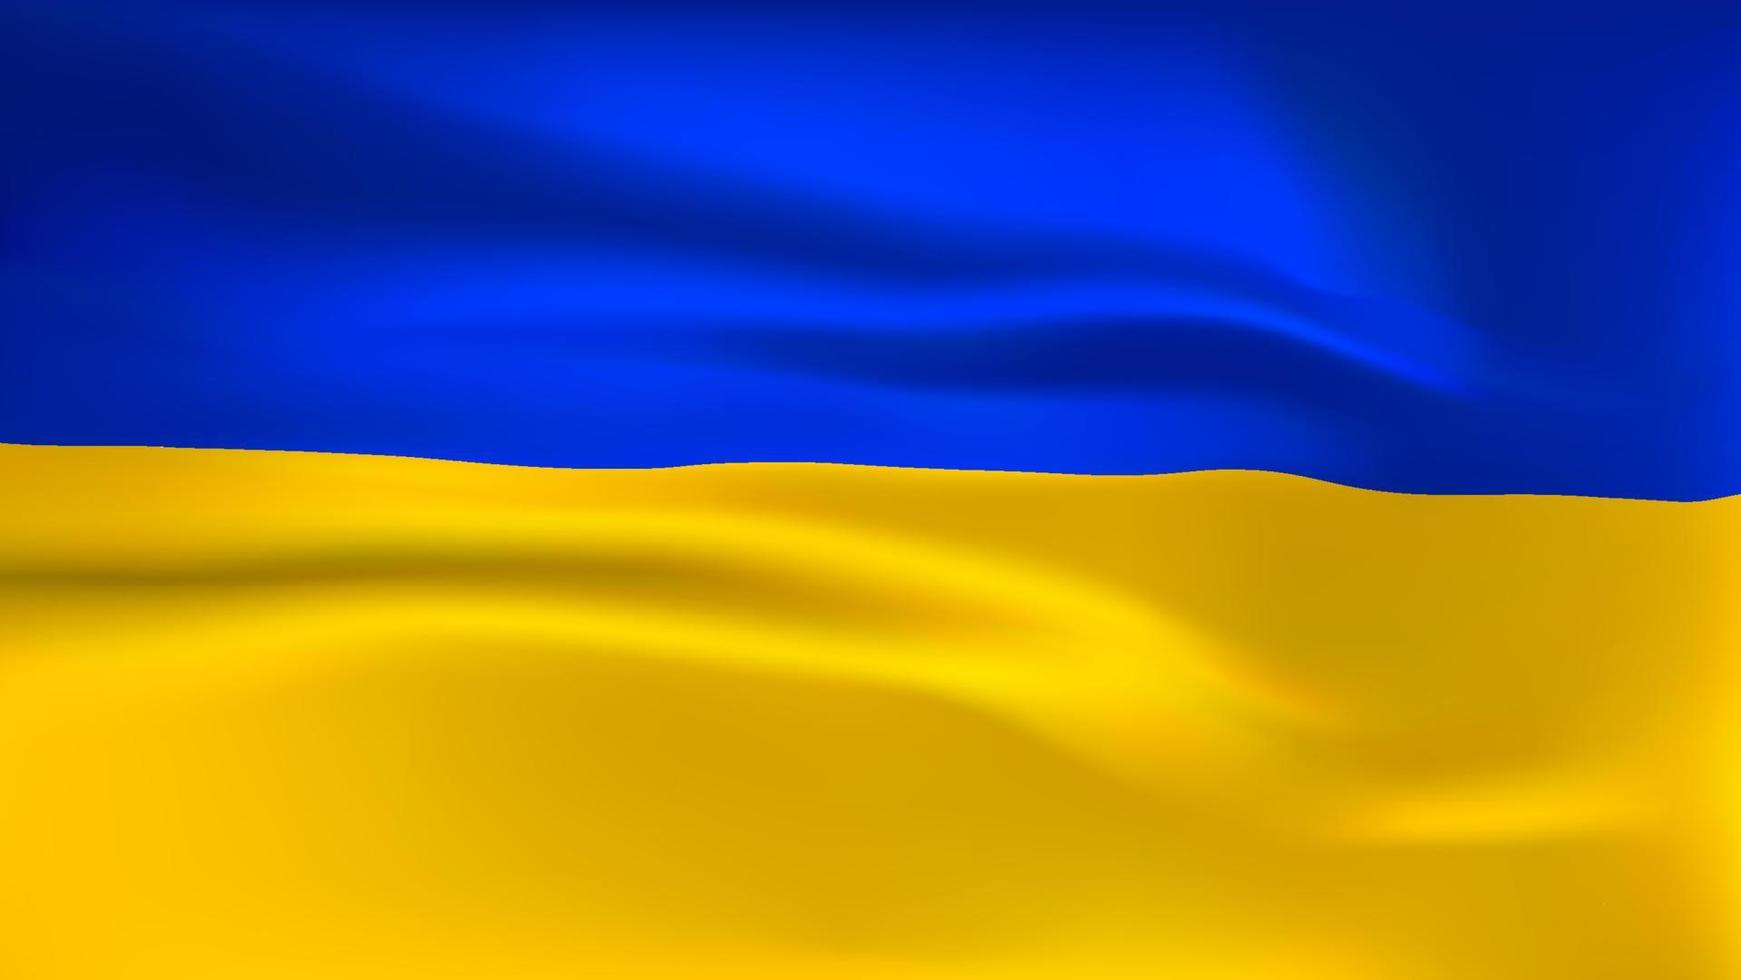 blau-gelbe ukrainische flagge mit stoppkrieg in ukrainischer schrift. russische aggression gegen die ukraine stoppen. vektor
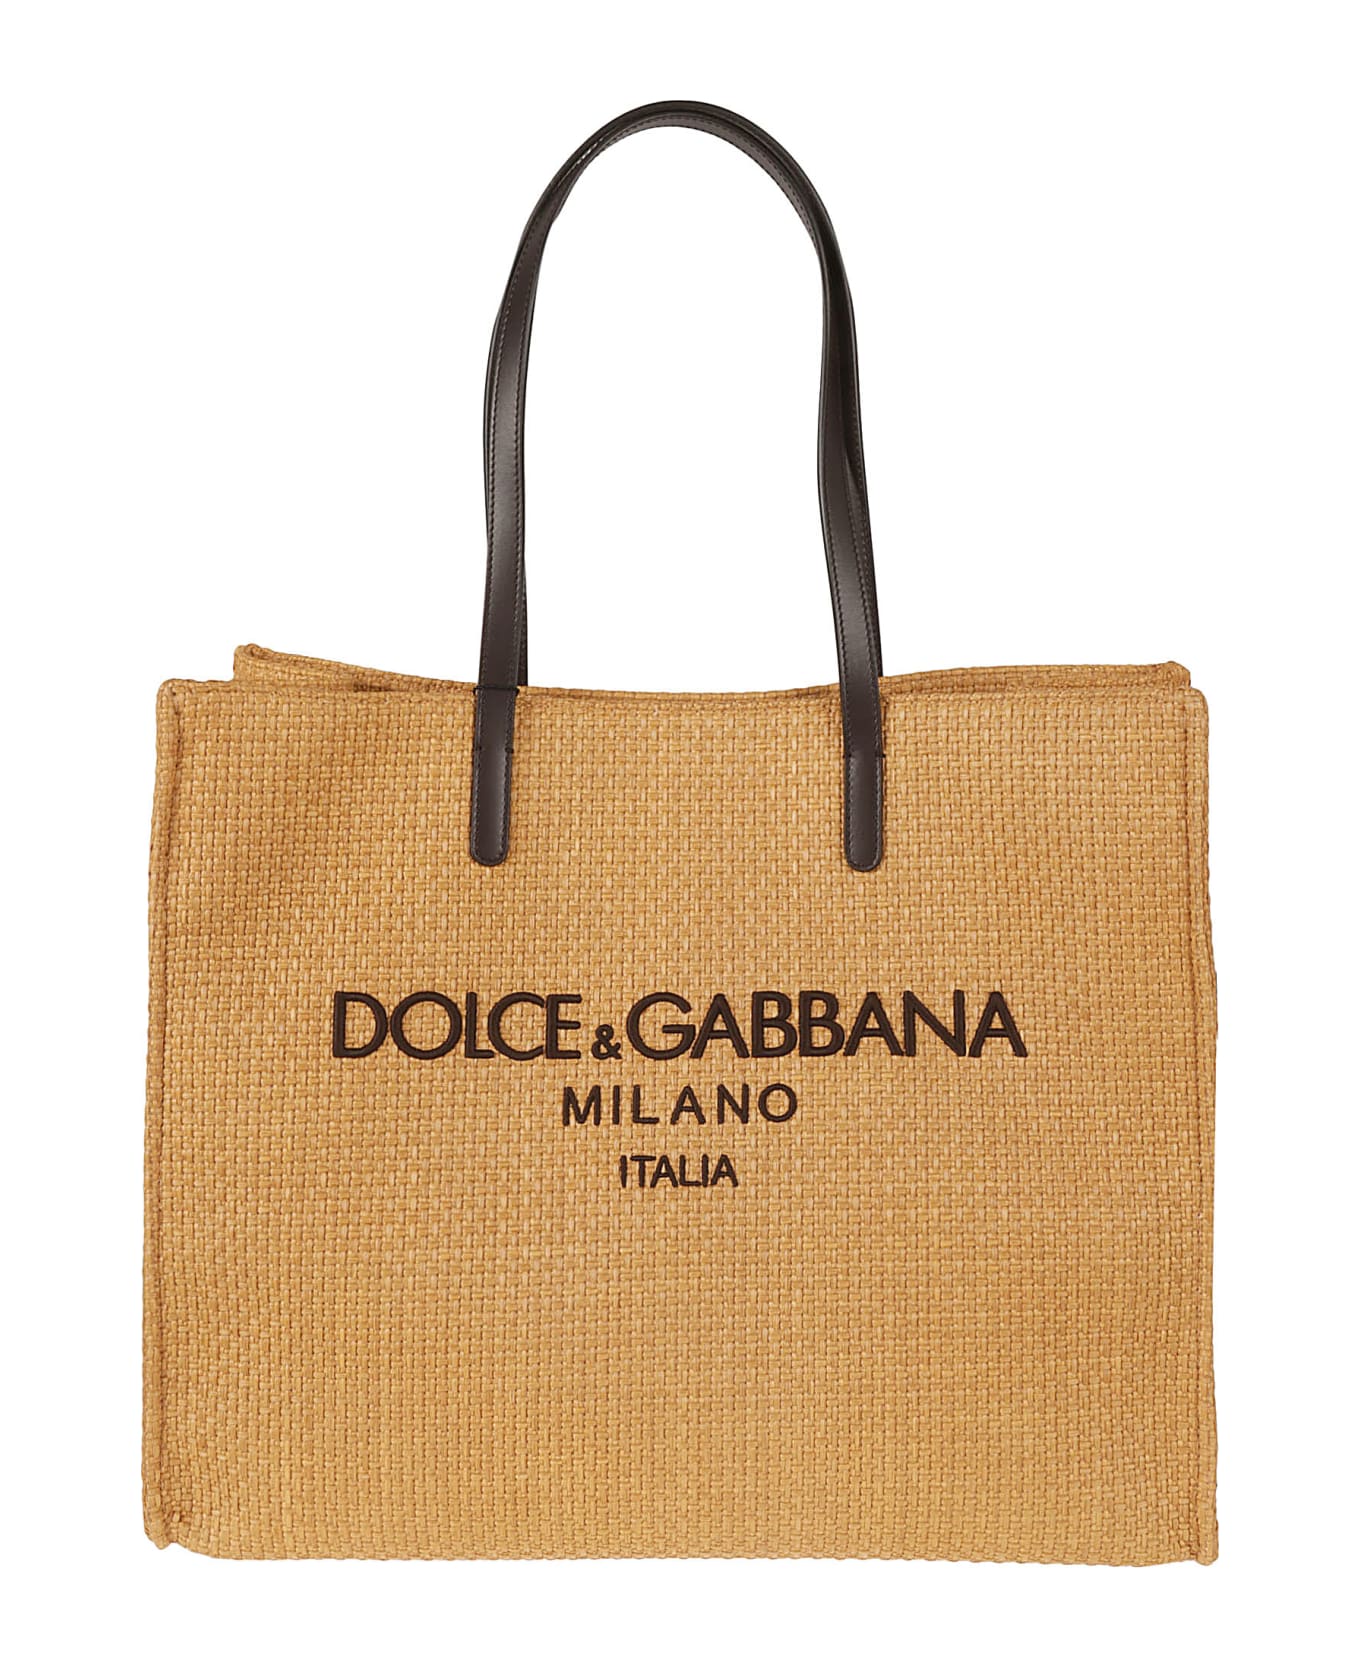 Dolce & Gabbana Logo Milano Tote - Camel/Dark Brown
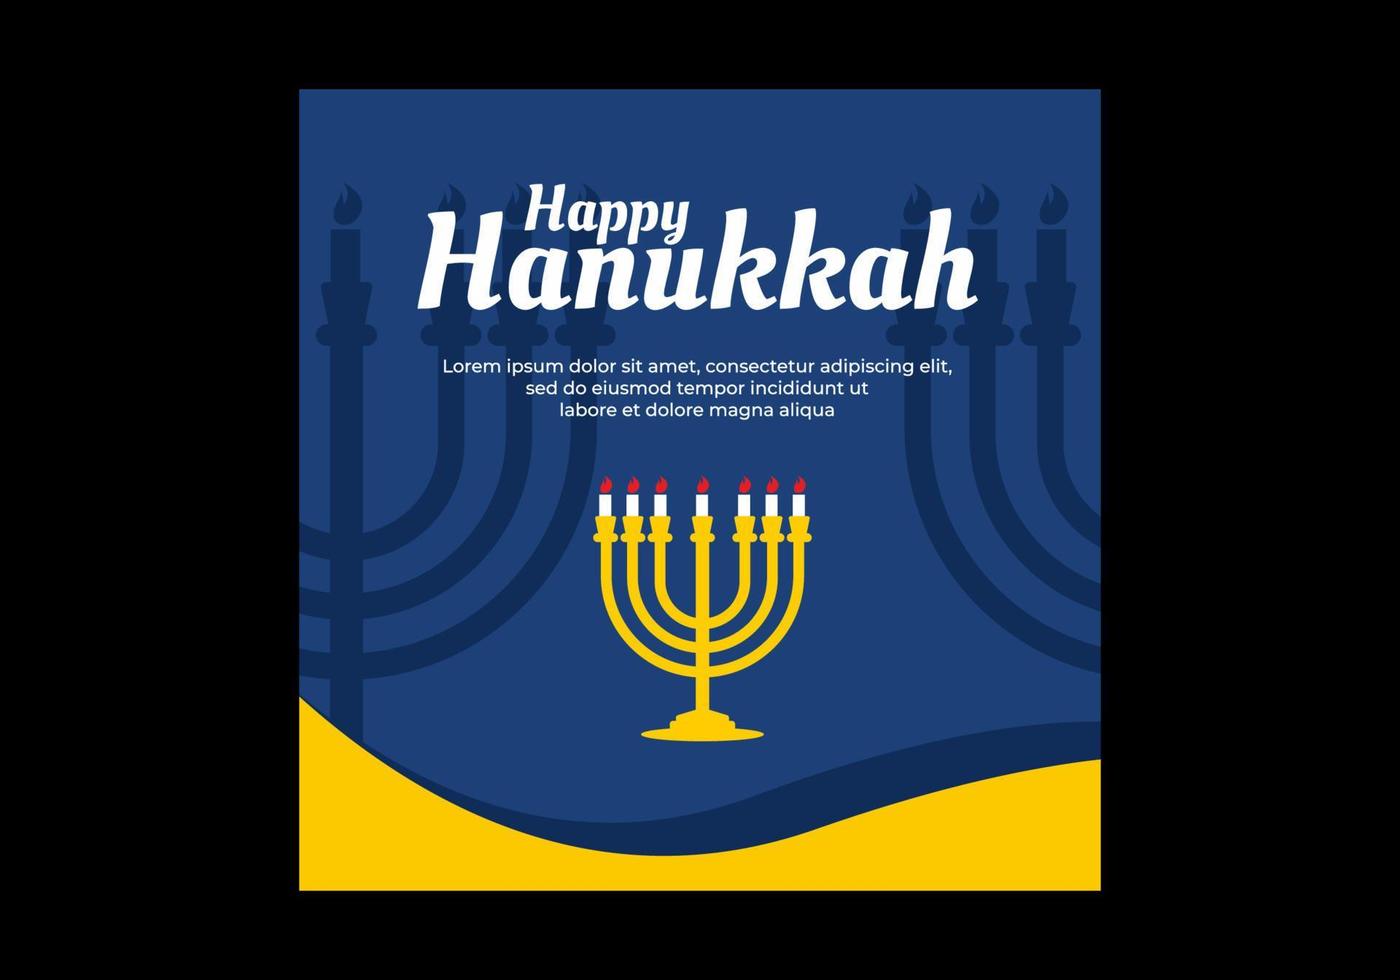 diseño de banner de anuncios de redes sociales de evento de hanukkah vector

Instructions to follow:
Nothing but the lines from the one containing "Dolce & Gabbana" through the last line of the listing should be copied, each word for word and without pictures.

Result:
 Dolce & Gabbana Logo Milano Tote - Camel/Dark Brown
 diseño de banner de anuncios de redes sociales de evento de hanukkah vector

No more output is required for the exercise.